Glyn Davis explains how engaging with communities can protect universities from government

Gyn Davies sets out grim fates for universities, which could be ransacked, like 16th century monasteries, by ministers upset by their independence and resentful of their resources. “In Britain and Australia higher education ministers have not held back – universities are labelled as inefficient, with overpaid vice-chancellors and overly generous wages and conditions for staff in a time of austerity. These institutions seem ripe for ‘efficiency dividends’, ” he says.

And if Tudor-esque terminators don’t get them, online packagers of knowledge-product might, the University of Melbourne vice chancellor warned in a London speech last week.

But those with Henrician horrors should relax. Professor Davis suggests universities need not argue alone on their enemies terms by defending research, justifying salaries, demonstrating the value for public and student money they provide.
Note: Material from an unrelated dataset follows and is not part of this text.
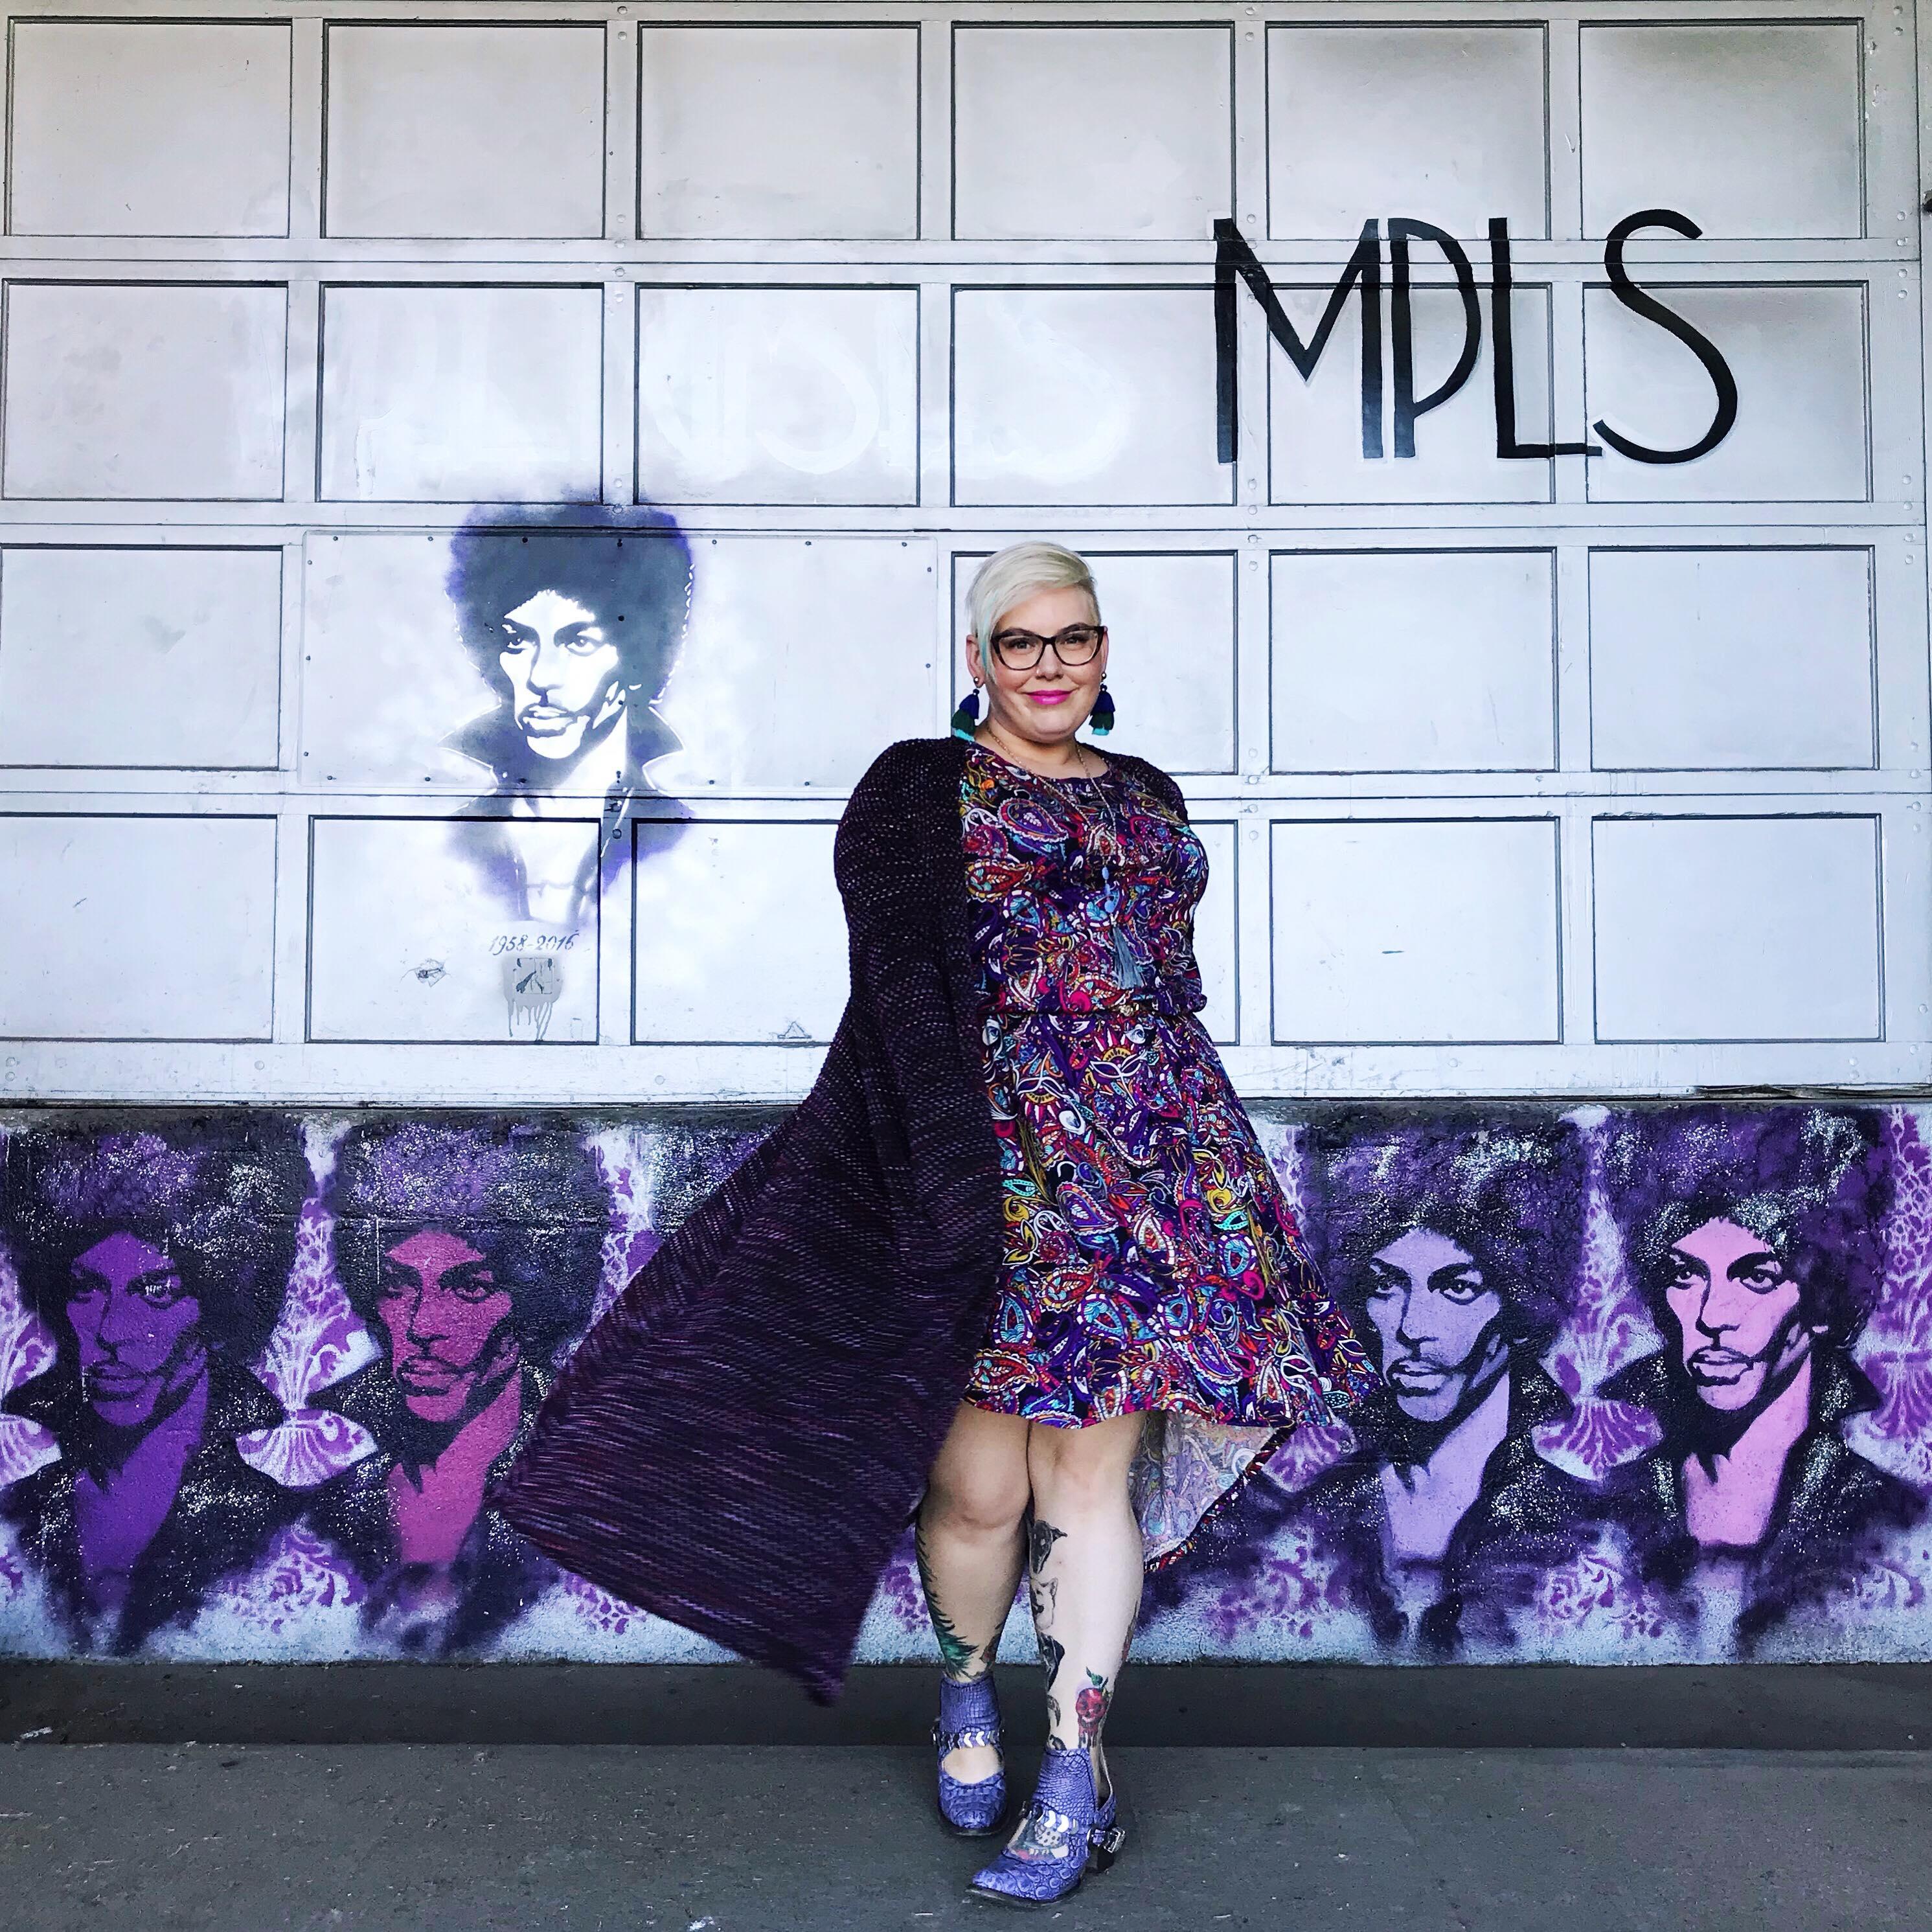 c5b136e7e492fc Small Business Spotlight: LuLaRoe with Tara #shopsmall - Mysterious ...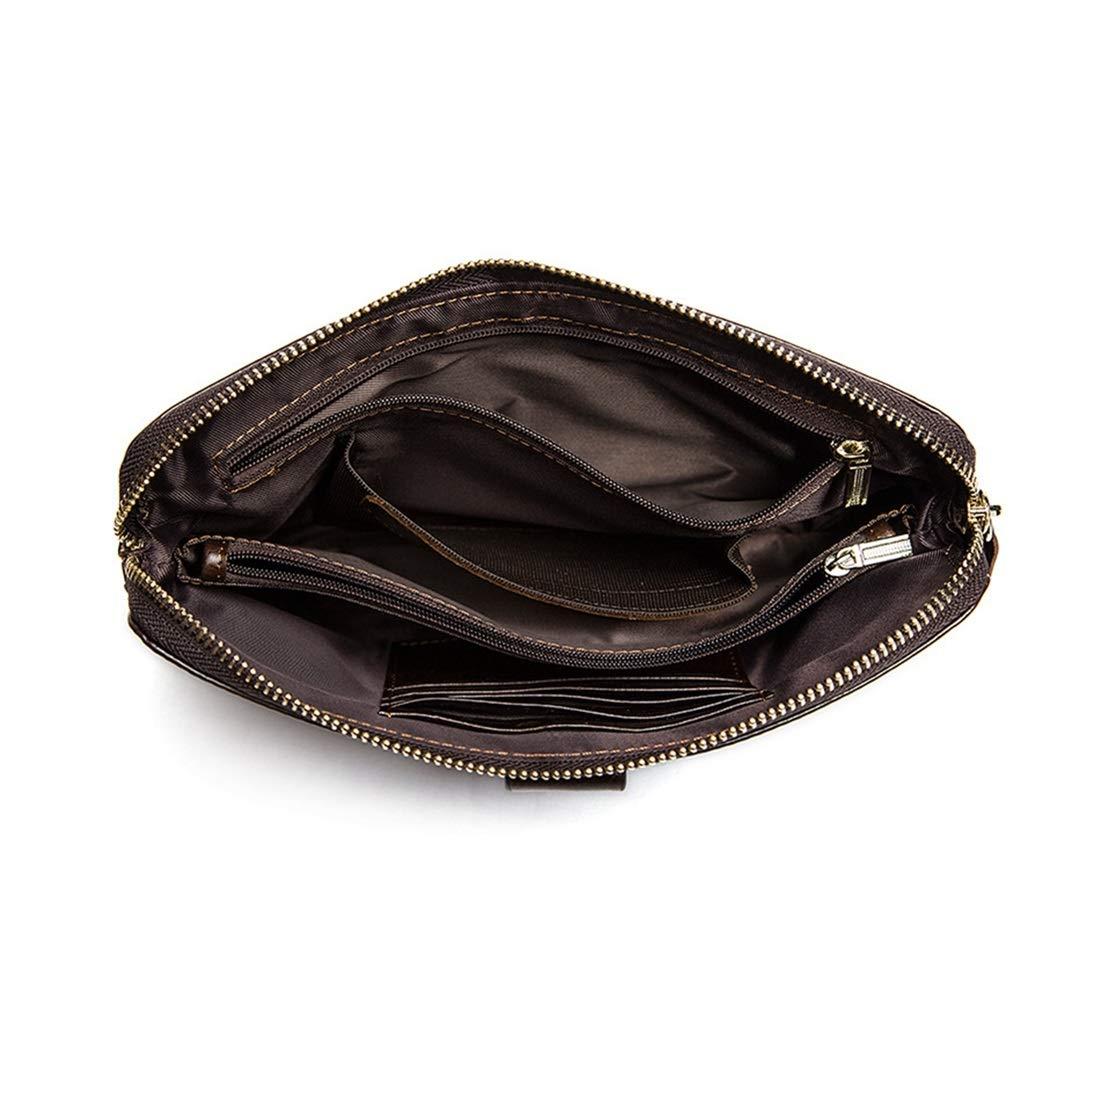 Color : Black KRPENRIO Leather Mens Purse Wallet Wallet Leather Business Mens Clutch Bag Mobile Phone Bag Purse

Universities can also go further by implementing engagement; “creating meaningful links between a university and its many constituencies, and communicating the fact that this is what we do.”  It’s certainly what UniMelb wants to be seen as doing, hosting an international conference on universities engaging with their communities last month, (CMM September 29)

“When we engage, we encourage local forces to defend the value of universities whenever politicians stoke resentment. We make clear the campus offers more than qualifications …– the university is, in a real sense, part of the community,” Professor Davis told his London audience.